[Zodb-checkins] CVS: Packages/ZEO/zrpc - client.py:1.25.16.7 connection.py:1.49.4.4

Tim Peters tim.one at comcast.net
Fri Feb 4 14:50:14 EST 2005


Update of /cvs-repository/Packages/ZEO/zrpc
In directory cvs.zope.org:/tmp/cvs-serv17443/ZEO/zrpc

Modified Files:
      Tag: Zope-2_7-branch
	client.py connection.py 
Log Message:
Fixed several thread and asyncore races in ZEO's connection dance.

ZEO/tests/ConnectionTests.py
    The pollUp() and pollDown() methods were pure busy loops whenever
    the asyncore socket map was empty, and at least on some flavors of
    Linux that starved the other thread(s) trying to do real work.
    This grossly increased the time needed to run tests using these, and
    sometimes caused bogus "timed out" test failures.

ZEO/zrpc/client.py
ZEO/zrpc/connection.py
    Renamed class ManagedConnection to ManagedClientConnection, for clarity.

    Moved the comment block about protocol negotiation from the guts of
    ManagedClientConnection to before the Connection base class -- the
    Connection constructor can't be understood without this context.  Added
    more words about the delicate protocol negotiation dance.

    Connection class:  made this an abstract base clase.  Derived classes
    _must_ implement the handshake() method.  There was really nothing in
    common between server and client wrt what handshake() needs to do, and
    it was confusing for one of them to use the base class handshake() while
    the other replaced handshake() completely.

    Connection.__init__:  It isn't safe to register with asyncore's socket
    map before special-casing for the first (protocol handshake) message is
    set up.  Repaired that.  Also removed the pointless "optionalness" of
    the optional arguments.

    ManagedClientConnection.__init__:  Added machinery to set up correct
    (thread-safe) message queueing.  There was an unrepairable hole before,
    in the transition between "I'm queueing msgs waiting for the server
    handshake" and "I'm done queueing messages":  it was impossible to know
    whether any calls to the client's "queue a message" method were in
    progress (in other threads), so impossible to make the transition safely
    in all cases.  The client had to grow its own message_output() method,
    with a mutex protecting the transition from thread races.

    Changed zrpc-conn log messages to include "(S)" for server-side or
    "(C)" for client-side.  This is especially helpful for figuring out
    logs produced while running the test suite (the server and client
    log messages end up in the same file then).

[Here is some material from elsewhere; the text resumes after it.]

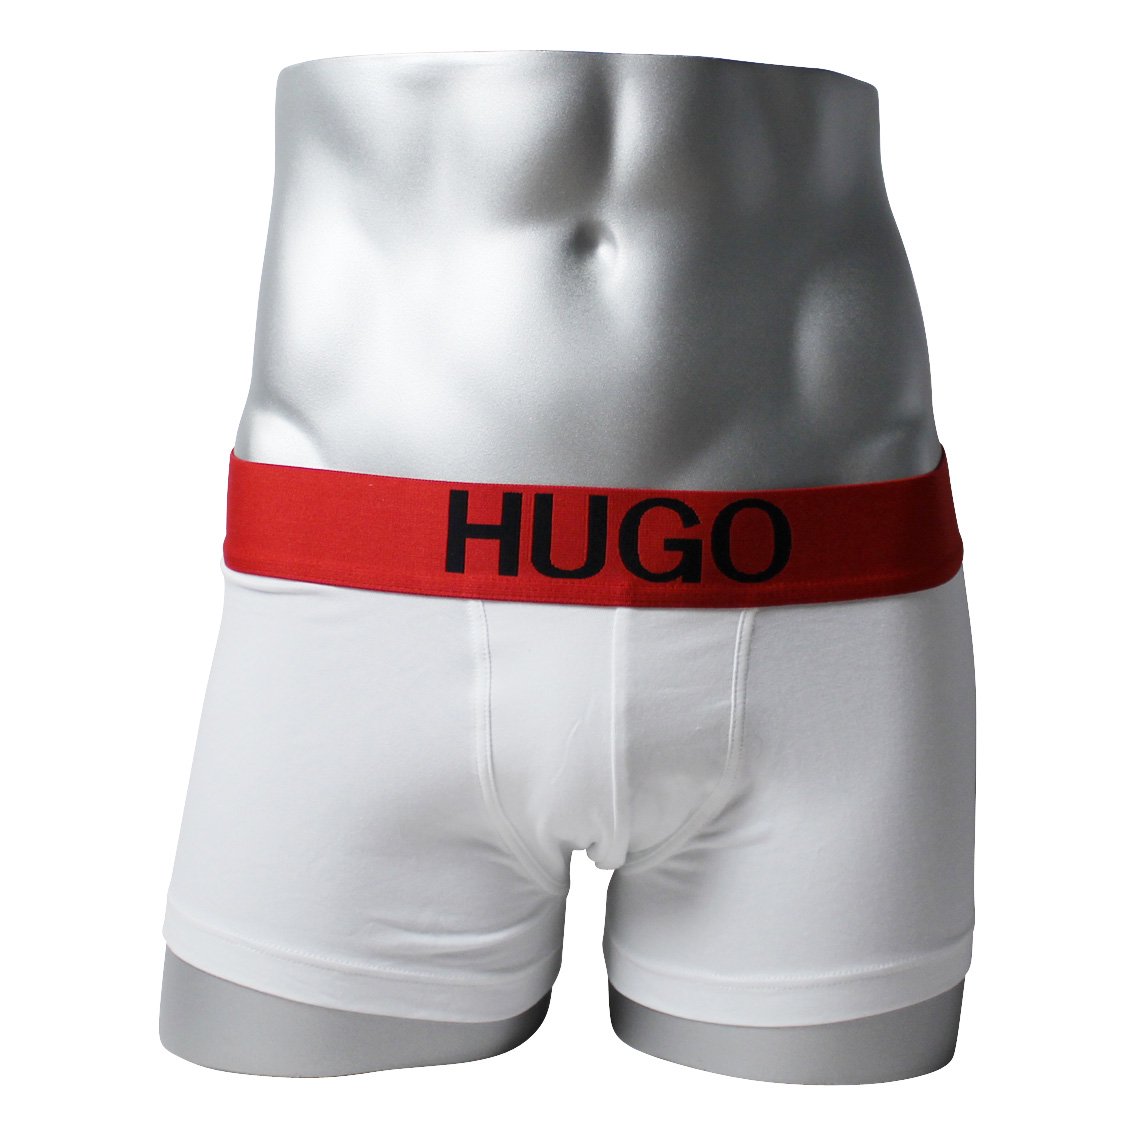 [50428876-100] HUGO BOSS ヒューゴボス ボクサーパンツ メンズ アンダーウェア インナー 男性 下着 ブランド おすすめ 人気 プレゼント

=== Packages/ZEO/zrpc/client.py 1.25.16.6 => 1.25.16.7 ===
--- Packages/ZEO/zrpc/client.py:1.25.16.6	Mon Oct 18 14:00:23 2004
+++ Packages/ZEO/zrpc/client.py	Fri Feb  4 14:50:13 2005
@@ -26,7 +26,7 @@
 
 from ZEO.zrpc.log import log
 from ZEO.zrpc.trigger import trigger
-from ZEO.zrpc.connection import ManagedConnection
+from ZEO.zrpc.connection import ManagedClientConnection
 
 class ConnectionManager(object):
     """Keeps a connection up over time"""
@@ -475,8 +475,8 @@
         Call the client's testConnection(), giving the client a chance
         to do app-level check of the connection.
         """
-        self.conn = ManagedConnection(self.sock, self.addr,
-                                      self.client, self.mgr)
+        self.conn = ManagedClientConnection(self.sock, self.addr,
+                                            self.client, self.mgr)
         self.sock = None # The socket is now owned by the connection
         try:
             self.preferred = self.client.testConnection(self.conn)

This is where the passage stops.